45-degree printing strategy with our hybrid Flexbot for 3D-printing and post-processing. This eliminates the need to reposition the part on the print bed and allows automatization of production processes.

1: Select the right type of polymer for your print

The first step in the process of selecting the right material is selecting the right base polymer. As always, the application of the print influences the choice for the right polymer. We distinguish 3D prints between molds and tooling, structural end-parts, non-structural end-parts and research.

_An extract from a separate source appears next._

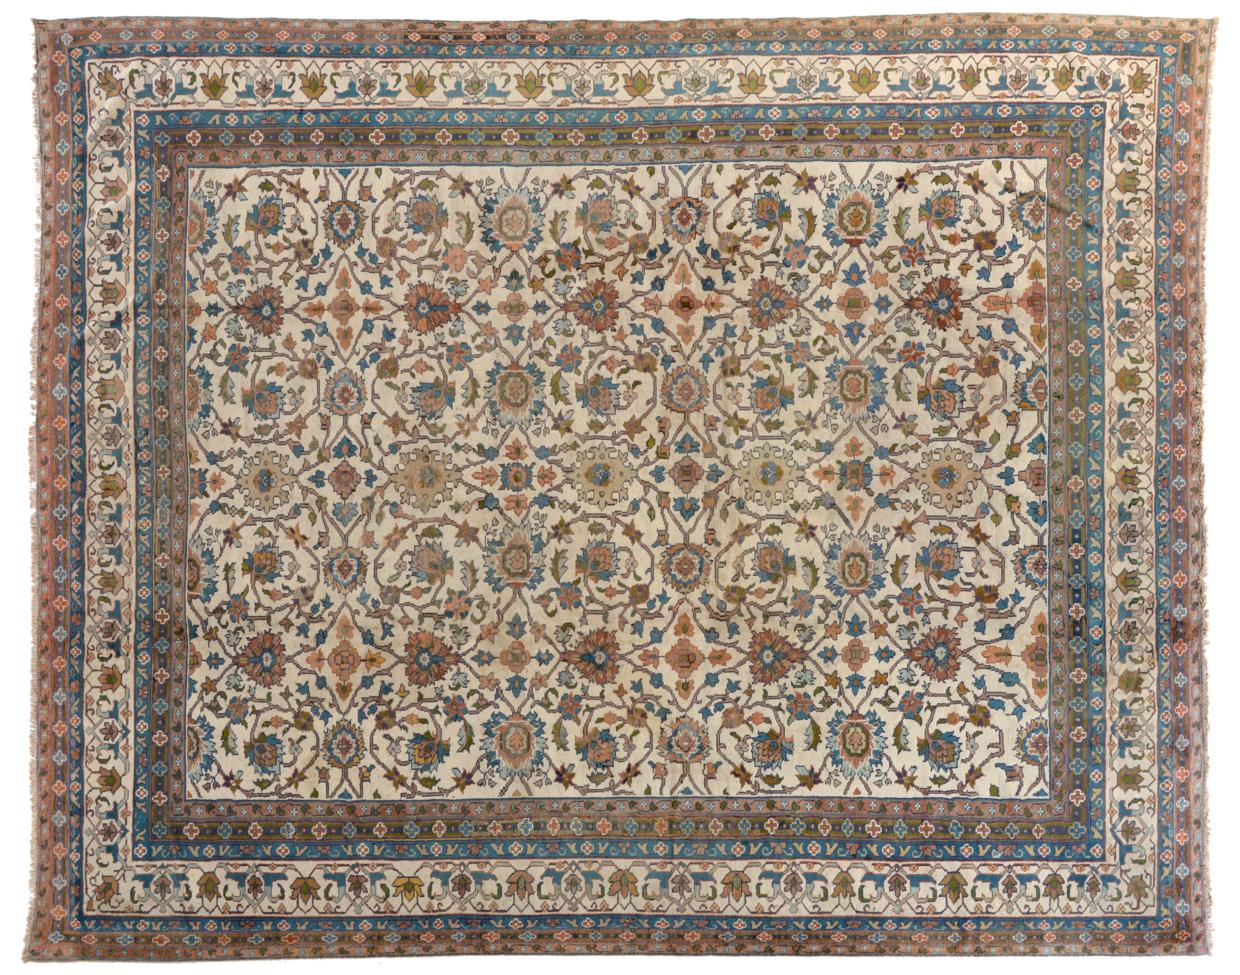 Indian Carpet of unusual size, circa 1920 The ivory field with an allover design of scrolling

Let’s take the example of 3D printing for molding. In case the print is used as a mold for another process, it is important to consider the temperature to which the mold will be exposed. Selecting a polymer that has good dimensional stability at the intended use temperature is the right step. Materials like ABS, PC and PEI are used in mold applications, each with their own use temperature limit.

Additionally, other environmental aspects should be considered. In case of an application that involves water, think of a printed boat, a material should be selected that does not deteriorate when exposed to water. Polyolefins like PP and HDPE are known for their low water absorption. Also, polymers that absorb a little moisture, like PETG, can still be stable in the expected operating temperature range.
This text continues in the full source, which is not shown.